Confira abaixo o artigo Emancipação Humana, escrito pelo médico psiquiatra Bruno Mendonça Costa.

Retiro o título do texto de K. Marx (Manuscritos Econômico-filosóficos – Ed. Martin Claret, 2.001). Vejamos, de início, indo aos dicionários, o que se pode compreender como “emancipação”. É “a ação de ser ou se tornar independente, livre. Aplica-se em muitas situações: emancipação de menor, da mulher, política, luta por direitos políticos, por igualdade, direitos de cidadania”. De especial interesse é a emancipação política. Ela tanto pode ser individual como coletiva. No último caso, por exemplo, a emancipação de um país, da região de um país, de um distrito para tornar-se um município. Karl Marx publicou um ensaio em 1.844 a respeito da “emancipação política” dos judeus na Alemanha da época, que teve o título de “a questão judaica”. Em síntese para ele “a emancipação política do judeu ou do cristão estava relacionada a uma emancipação do Estado com relação ao Judaísmo, ao Cristianismo ou a emancipação do Estado com relação a qualquer religião”. Importante também a emancipação que diz respeito às mulheres: a igualdade de gêneros, os direitos iguais para homens e mulheres, o direito ao voto.

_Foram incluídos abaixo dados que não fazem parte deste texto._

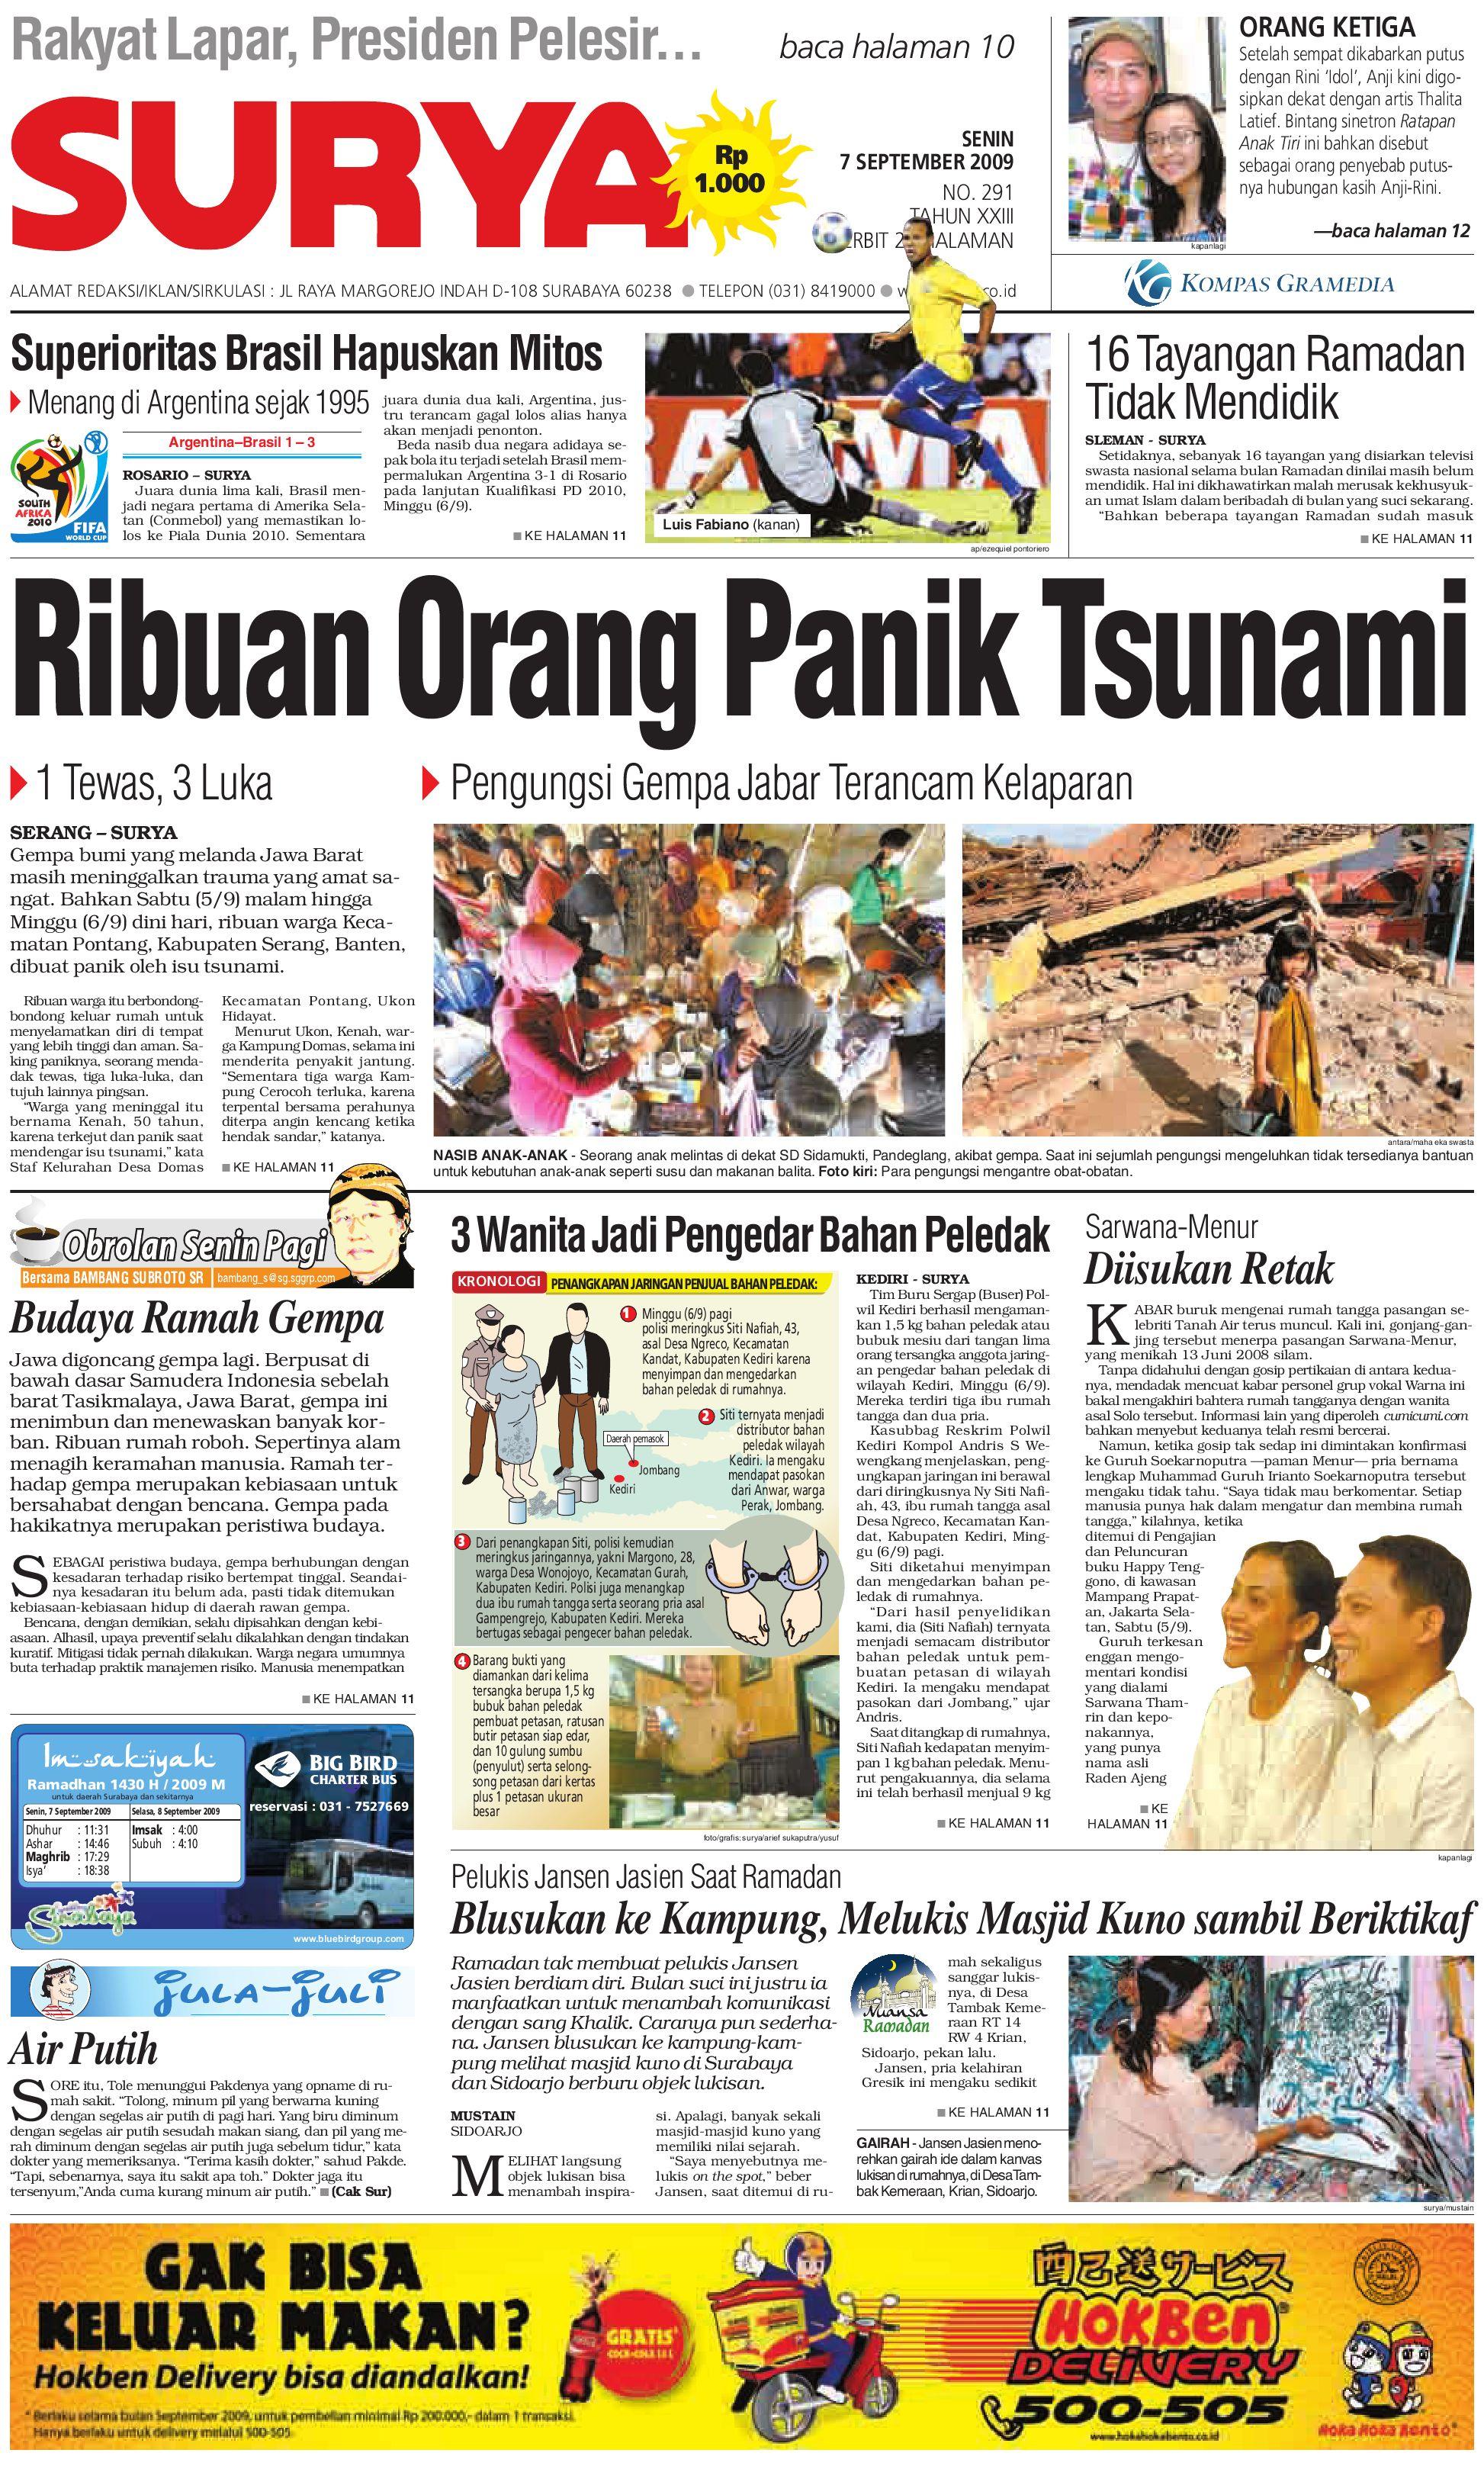 Paper Surya Edisi 27 Desember 2012 Harian Issuu Cetak 07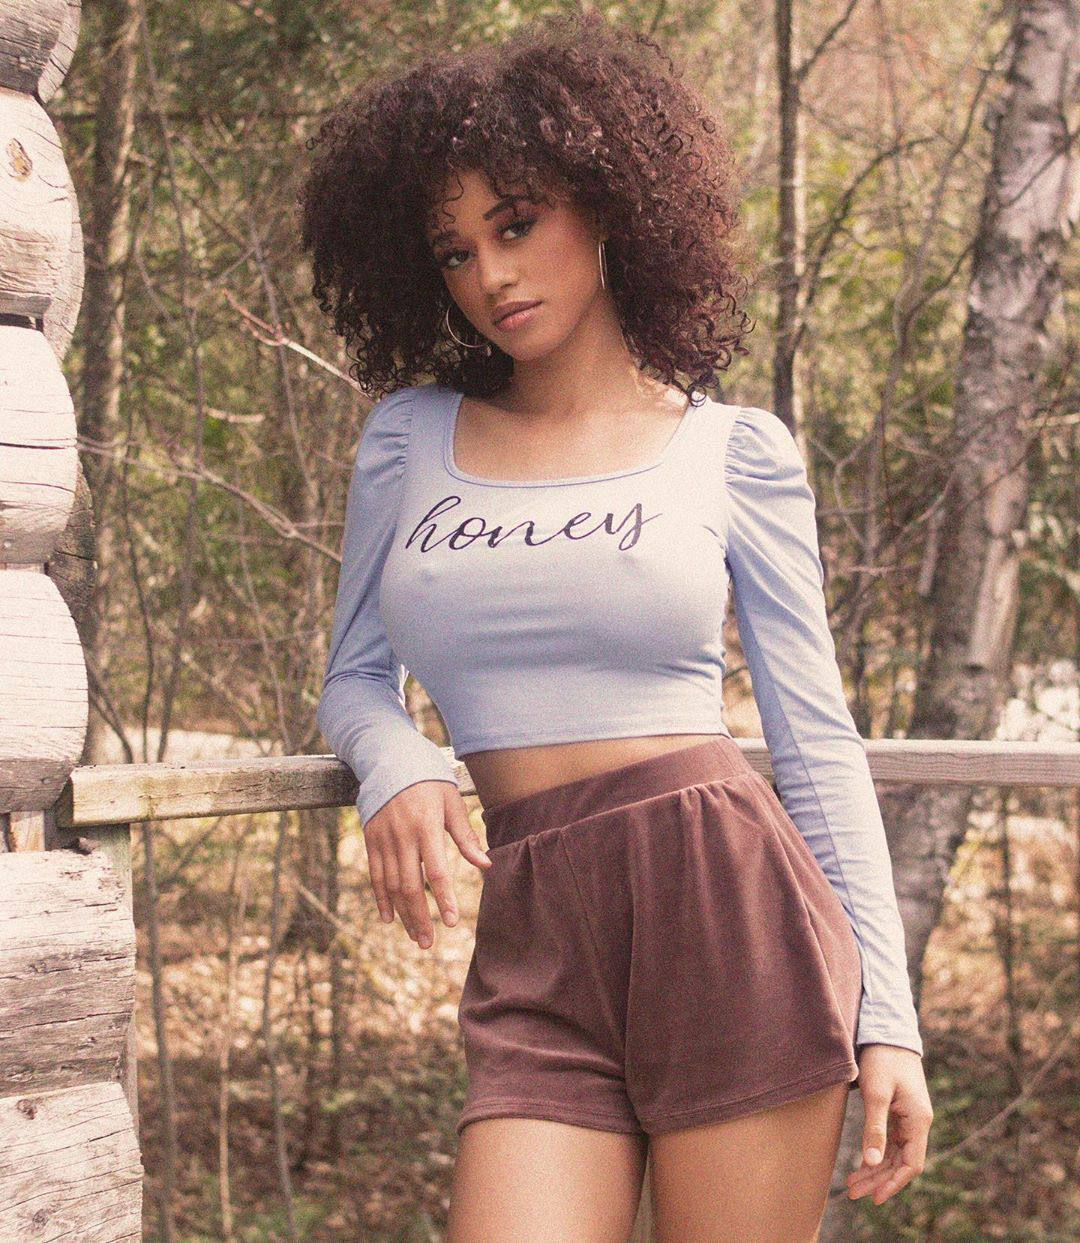 Stormi Maya – Sexy Big Breasts And Nipples In Racy Instagram Pics 0001

O presente texto diz respeito, então, à conquista do homem pela emancipação humana. Não se trata de discutir o texto de Marx, mas sim de tomá-lo como inspiração para se discutir a época atual do mundo e, em especial, a do Brasil. Como ficou claro, Marx abordou o tema ao discutir uma publicação de Bruno Bauer sobre a situação dos judeus na Alemanha daquela época. A situação atual, século XXI, é diferente quanto a isso. Mas é de lembrar o sofrimento dos judeus na 2ª Guerra Mundial, o holocausto, a quantidade de mortos, de judeus, de russos e de cidadãos das diversas nações envolvidas naquele conflito. Milhões de mortos; enfim, o sofrimento de todos os povos do mundo de então em consequência do nazi-fascismo. No entanto, apesar de um exemplo tão monstruoso, eis que surgem no nosso “mundo moderno”, países cujos lideres, eleitos ou com poderes conquistados manu militari, pregam e desejam impor sistemas muito semelhantes aos de Hitler e de Mussolini. Toda uma luta de conquistas democráticas são simplesmente jogadas no lixo, com o apoio de seguidores fanáticos em quantidades maiores ou menores.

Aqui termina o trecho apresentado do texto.